* [Task directions]
The whole listing below needs to be duplicated exactly, pictures aside.

* [Recorded information]
--------

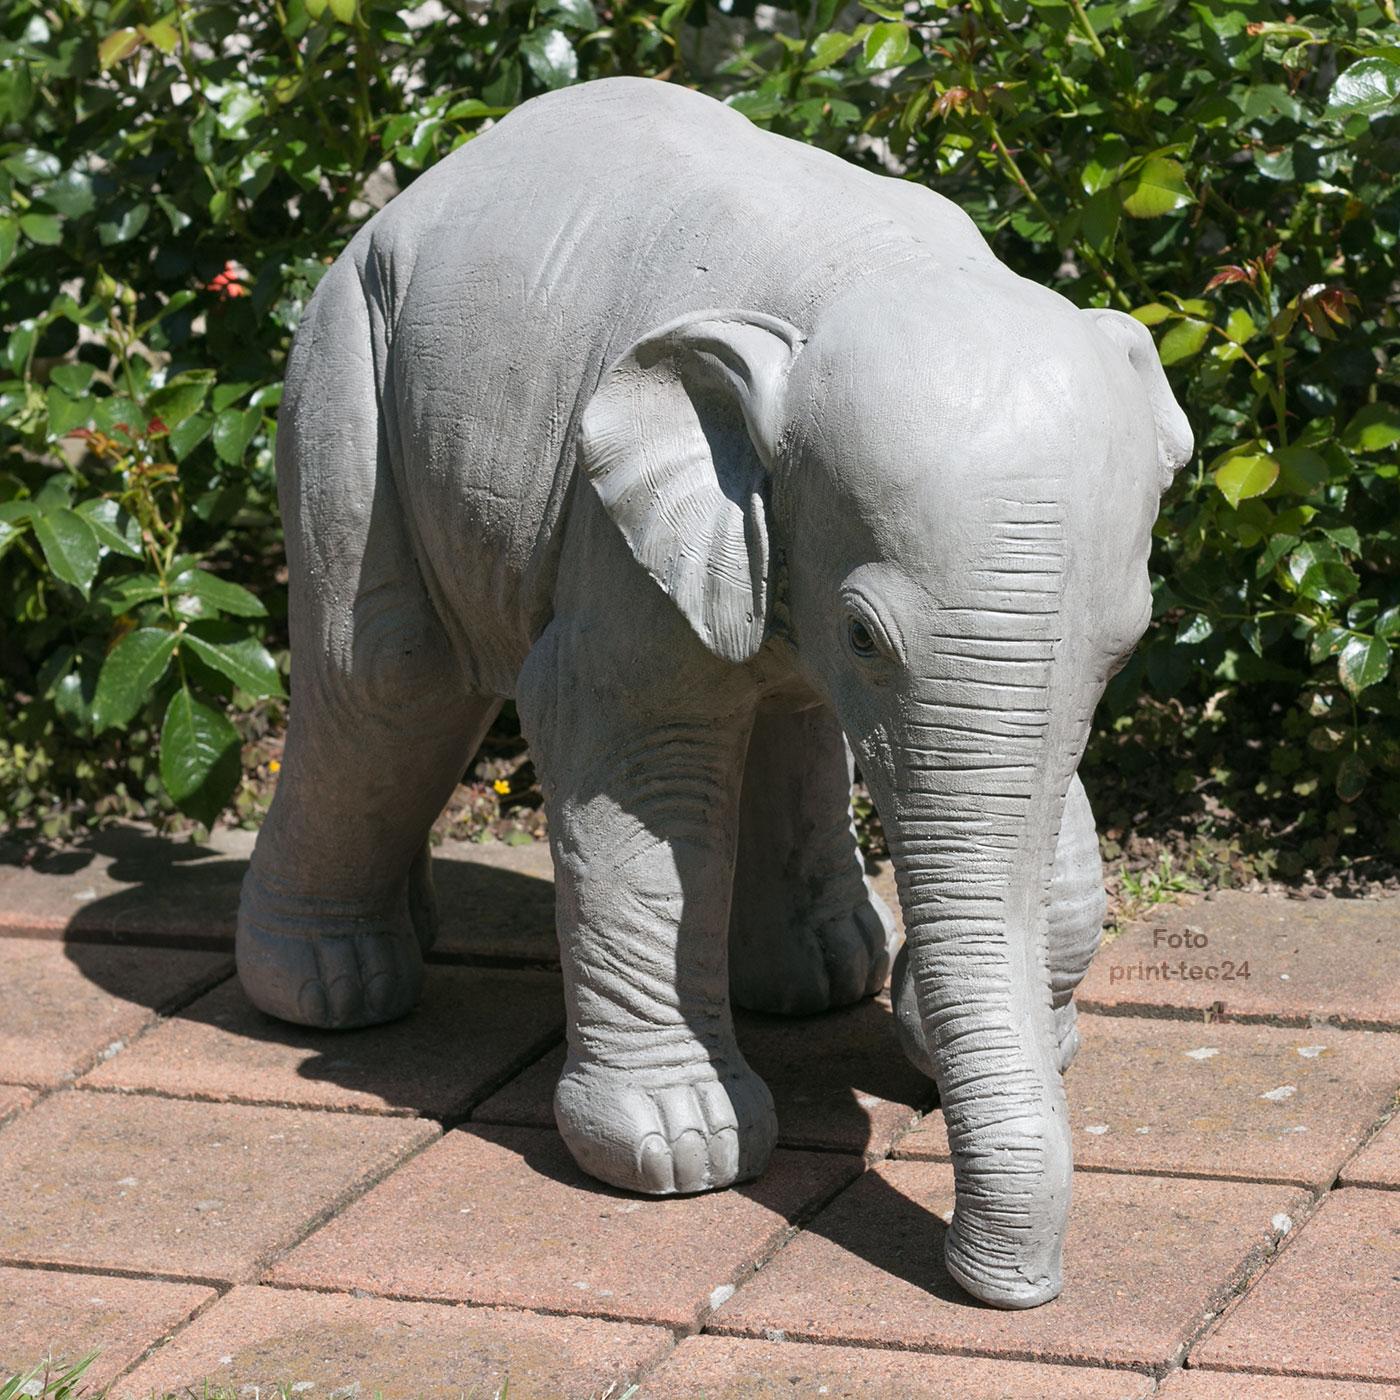 Inspirierend Gartenfiguren Aus Kunststoff Ideen
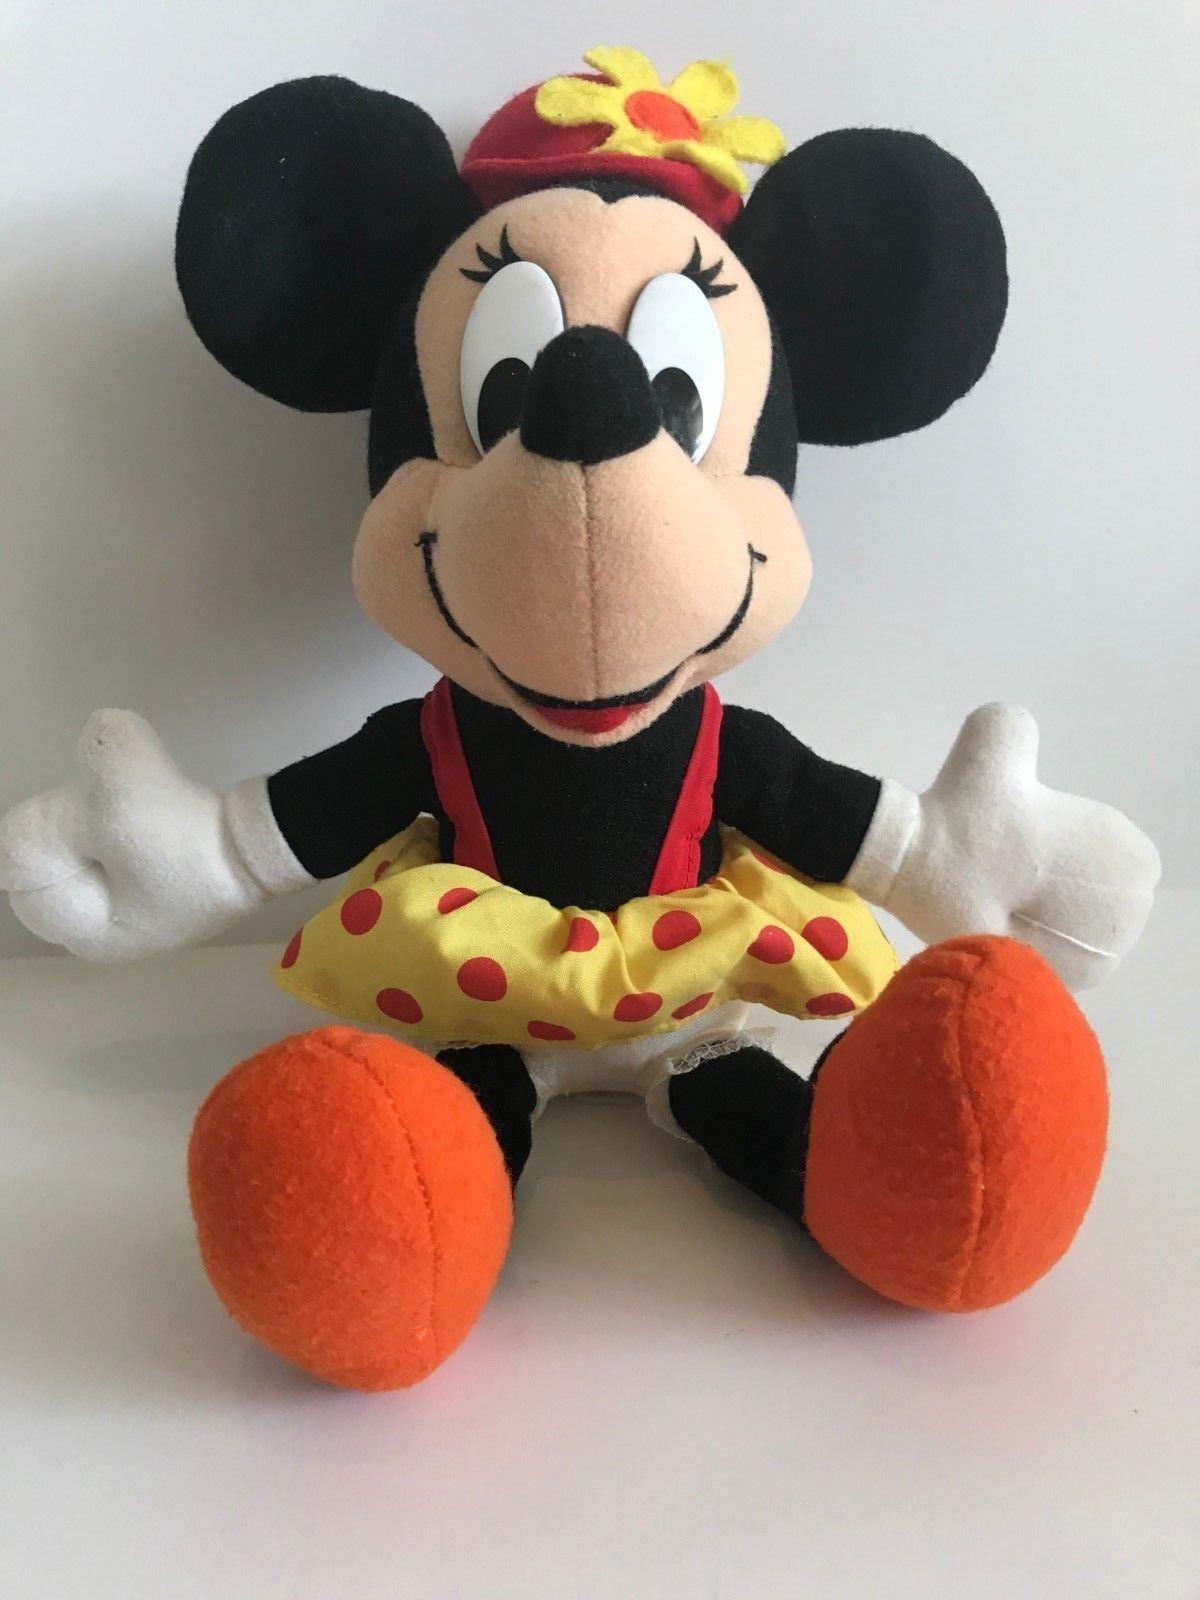 Mattel Arcotoys Minnie Mouse Yellow Red Polka Dot Flower Hat Plush Stuffed Doll image 2
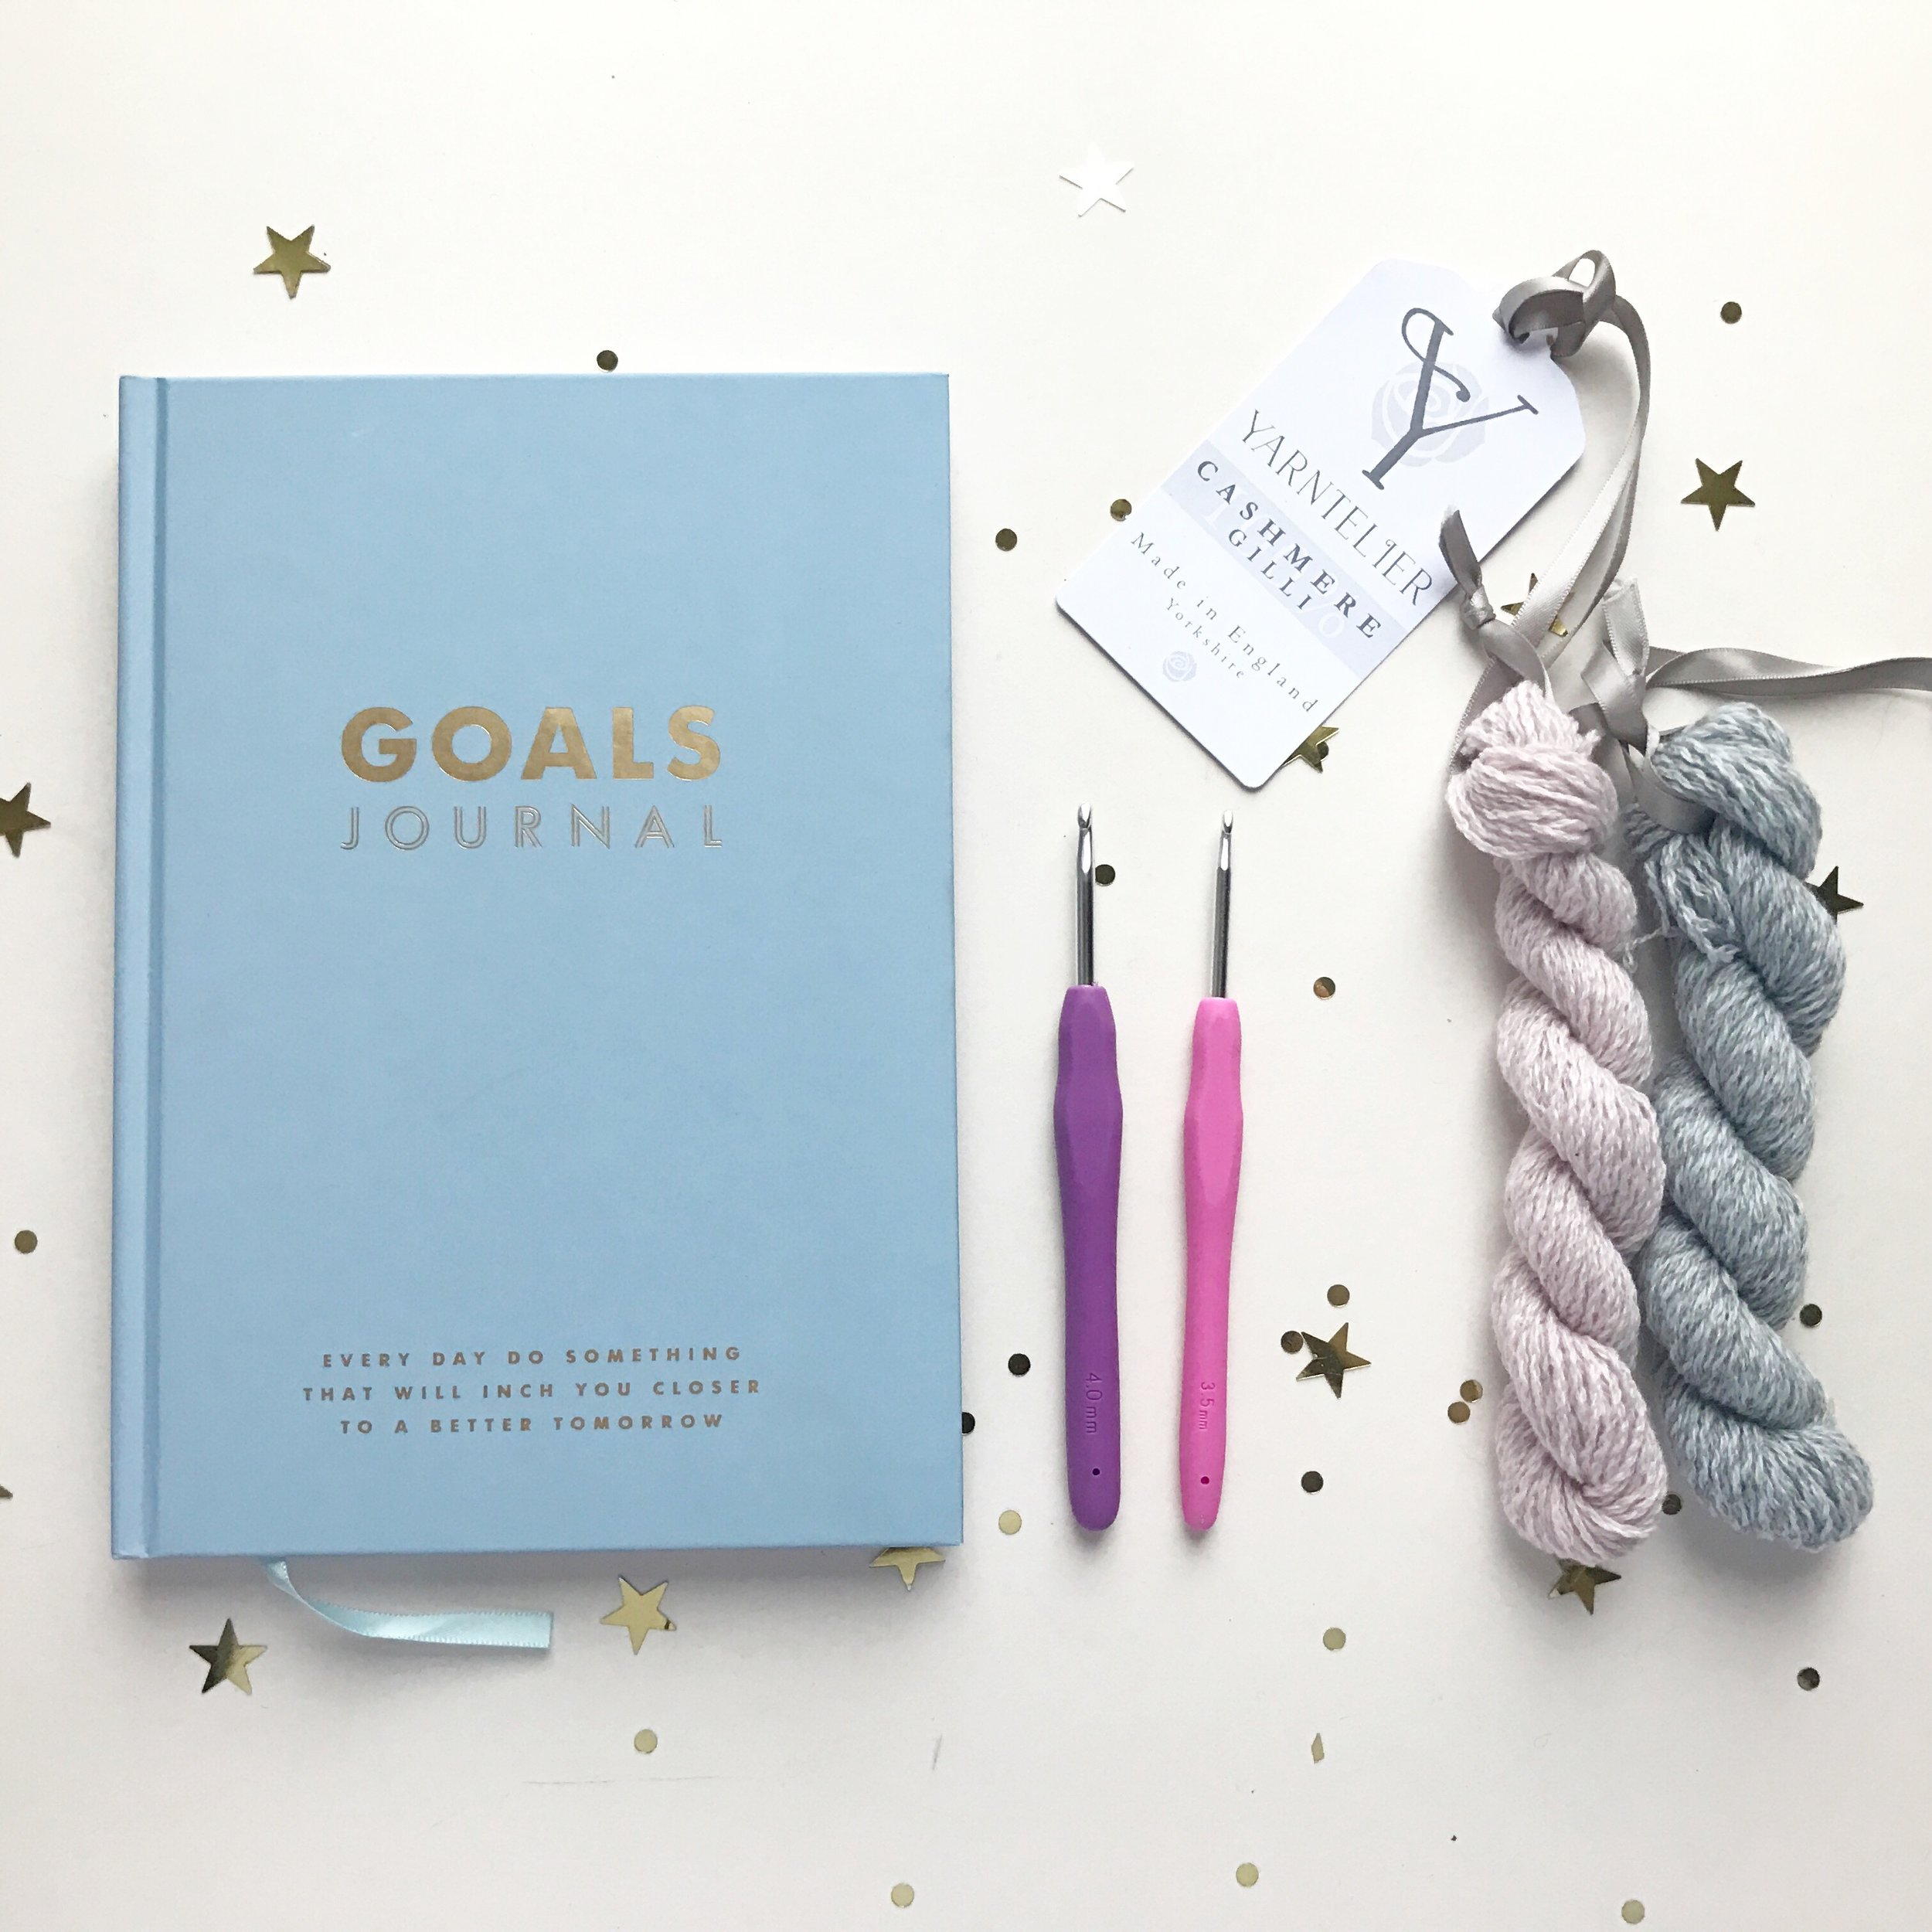 Goal Journal  Kikki-K    Crochet Hooks   Clover Amour     Cashmere Lace  Y  arntelier

--------

* [Task answer]
 Inspirierend Gartenfiguren Aus Kunststoff Ideen
 Mattel Arcotoys Minnie Mouse Yellow Red Polka Dot Flower Hat Plush Stuffed Doll image 2
 Goal Journal  Kikki-K    Crochet Hooks   Clover Amour     Cashmere Lace  Y  arntelier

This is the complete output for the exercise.